Here is an example of cansniffer on the MS bus. We are filtering out everything and only letting CAN id 355, 356 and 358 show up. Meanwhile, I am pressing the temperature adjust buttons on the car and we can see the 001C00000000 that represents the button push pop up at the very end.
The next step is to connect the A/C functionality to our PC running inside the car. The PC runs the Robot Operating System (ROS), and fortunately there is a module that makes this easy for us since we’re using SocketCAN. socketcan_bridge turns our CAN frame into a message in a ROS topic. Great!

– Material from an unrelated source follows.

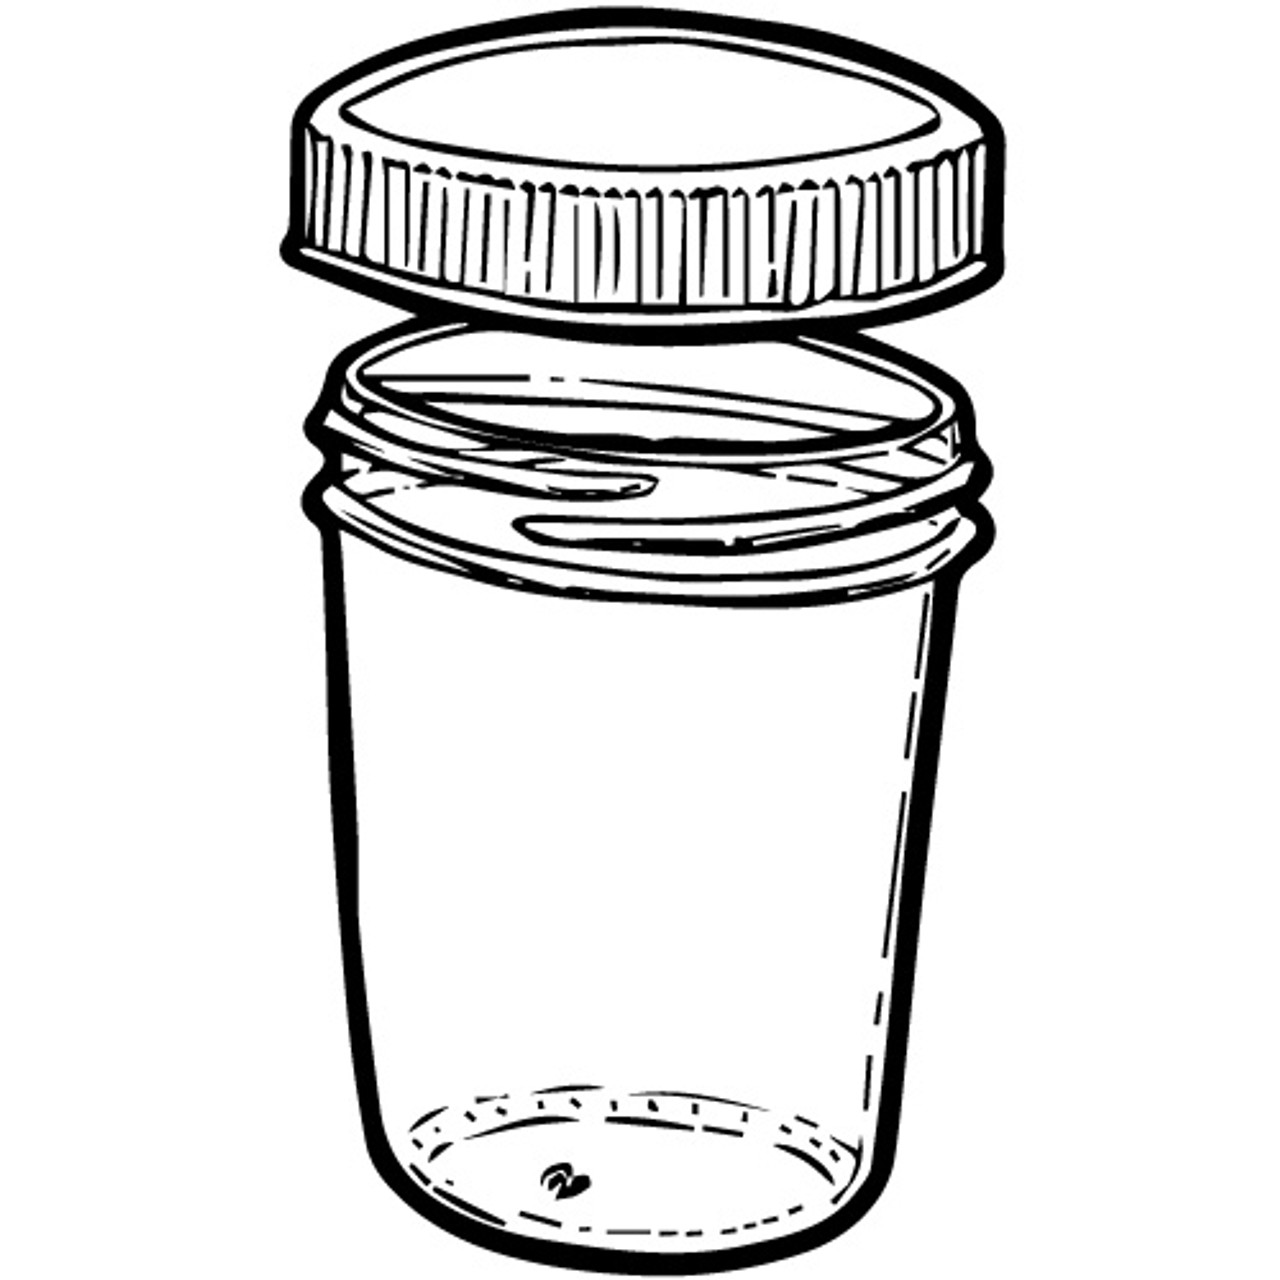 8oz Clear Glass Round Jars (Cap Not Included) for Canning 12/Case, Clear Type III BPA Free 58 mm

Here is an example of how the decoding is done:
if frame.id == 0x356:
raw_data = unpack('BBBBBBBB', frame.data)
fan_speed = raw_data[1] / 4
driver_temp = parse_temperature(raw_data[2:4])
passenger_temp = parse_temperature(raw_data[4:6])The resulting data is stored in a CelsiusReport.msg:
bool auto
bool system_on
bool unit_on
bool dual
bool max_cool
bool max_defrost
bool recirculation
bool head_fan
bool feet_fan
bool front_defrost
bool rear_defrost
string driver_temp
string passenger_tempAfter pressing all the relevant buttons in the car we end up with a list:
CONTROL_CODES = {
'ac_toggle': 0x5C,
'ac_unit_toggle': 0x14,
'max_ac_toggle': 0x38,
'recirculation_toggle': 0x3C,
'dual_temperature_toggle': 0x18,
'passenger_temp_up': 0x24,
'passenger_temp_down': 0x28,
'driver_temp_up': 0x1C,
'driver_temp_down': 0x20,
'auto': 0x34,
'wheel_heat_toggle': 0x78,
'defrost_max_toggle': 0x64,
'defrost_toggle': 0x4C,
'rear_defrost_toggle': 0x58,
'body_fan_toggle': 0x04,
'feet_fan_toggle': 0x0C,
'fan_up': 0x2C,
'fan_down': 0x30,
}And we can then just send strings to the ROS node and have it translate it to the car’s specific codes:
rostopic pub /celsius_control celsius/CelsiusControl ac_toggleThe Result
We are now able to issue the same CAN codes to the CAN bus that pressing the physical temperature up & down buttons would. This gives us the ability to remotely change the temperature of the car, all from an app while sat in the backseat. Success!
This is just one small step toward building an amazing Rider experience within the Voyage self-driving taxi.